Девочка-хамелеон. Жизнь с психическим заболеванием, а также история излечения - страница 7

Шрифт
Интервал


Жертва? Я? Никогда!

Такой стыд я не смогла бы вынести.

Комментарий специалистов:

Разговор о сексуальном насилии может быть чрезвычайно тяжелым, унизительным и стыдным, потому что жертва, во-первых, не хочет слышать о том, что является жертвой, а во-вторых, жертва как правило чувствует свою ответственность за акт насилия. Именно поэтому жертва не говорит о случившемся и закрывается, рискуя остаться один на один с психотравмой, с которой, возможно, она никогда не сумеет справиться – ей просто не хватит психоэмоциональных ресурсов.

Мы призываем жертв насилия и читателей, столкнувшихся с травматичным опытом, как можно скорее и как можно откровеннее обсудить это с доверенным лицом. Специалист никогда не будет стыдить, никогда не осудит и не станет задавать вопросы, которые приведут к дополнительной травме или поспособствуют замыканию в себе.

Кира находится в терапии, но не может выдержать слезы Аманды – естественную человеческую реакцию.
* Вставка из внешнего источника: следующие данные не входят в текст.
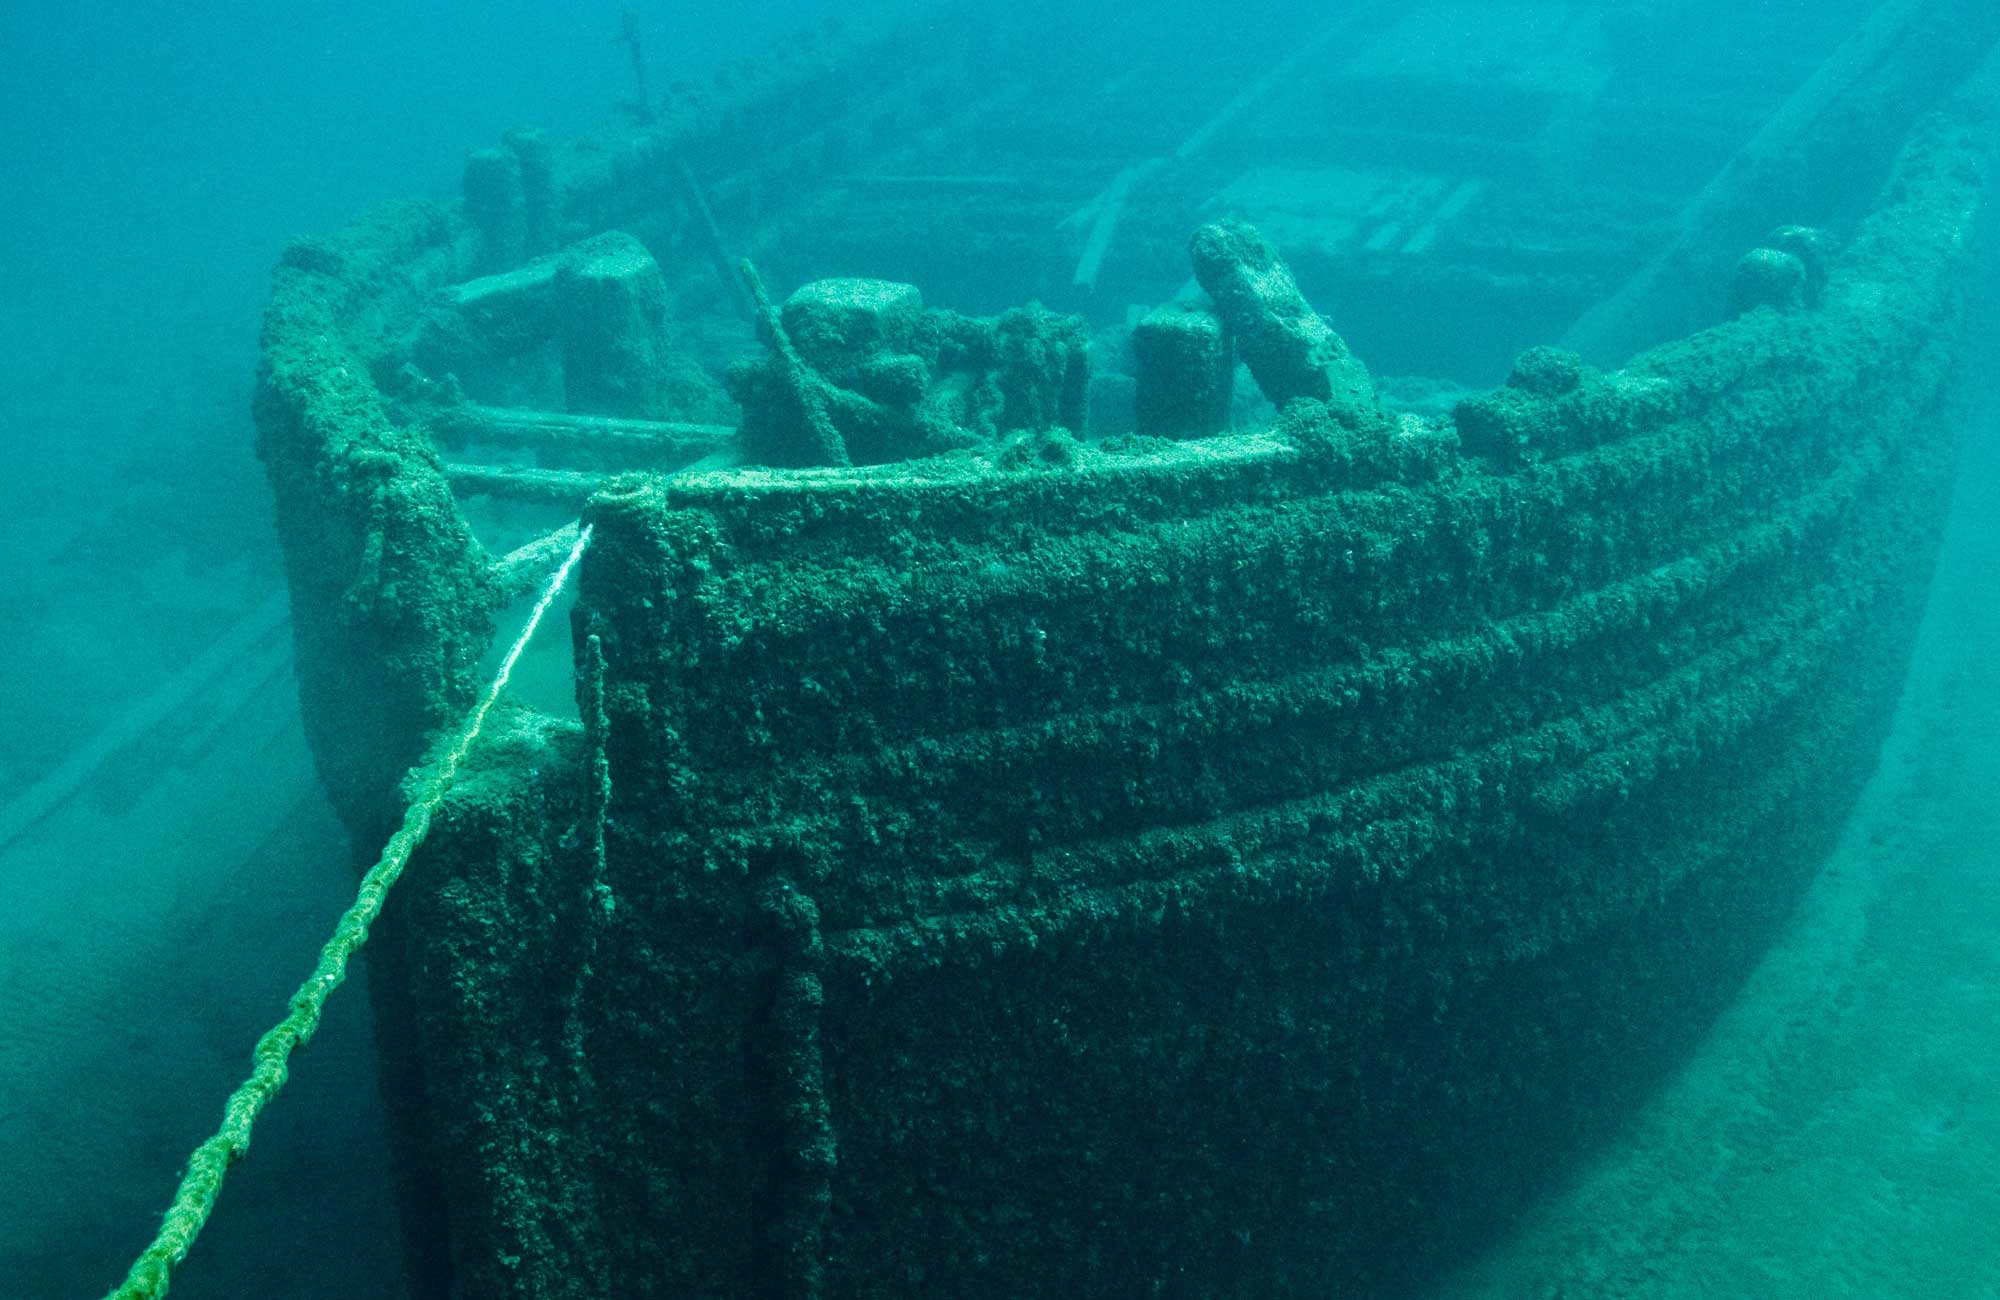 Underwater Shipwreck in Thunder Bay

Кира сердится и отказывается от возможности говорить о случившемся в безопасной среде. Злость на слезы сочувствия на самом деле является страхом перед лицом реальности. Страхом, вызванным собственными сильными чувствами, в том числе злостью.

Сон о необходимости анестезии

– Я нахожусь в больнице потому, что чувствую боль в кишках из-за стеклянного стержня, который там застрял и продолжает дробиться и рвать мою плоть. Врачи меня усыпили, но я все равно испытываю нестерпимую боль. Рядом со мной все время стоит анестезиолог, который снова и снова даёт мне наркоз. После очередного пробуждения он вводит огромную дозу лекарства, и я наконец засыпаю.


Проснувшись, я долго и мучительно старалась преодолеть невыносимую тревогу, фрагменты сна о невыносимой боли и об отчаянных попытках врачей ее унять периодически всплывали в моем мозгу, терзая меня вопросом «Что все это значит?» Я лежала в постели подавленная и обессиленная. Как только я закрывала глаза, меня что-то ломало и разрывало с треском. Я не могла это остановить…

Вечером меня охватил ужас, смятение, стыд, чувство вины и отвращение к себе.

Я поняла, что меня изнасиловали.

Я была сама себе противна.

Я начала истерично рыдать и кричать, глядя в зеркало: «Ты отвратительна, ты позволила себя изнасиловать! Ты всегда позволяла себя использовать!»

Я хотела плакать и кричать долго, но уже через несколько мгновений слезы иссякли. Мне надо было с кем-нибудь поделиться, чтобы вытащить из себя то, что во мне лопнуло и стало вытекать наружу как вонючий гной, но я не могла: не могла говорить, не могла кричать, не могла больше плакать.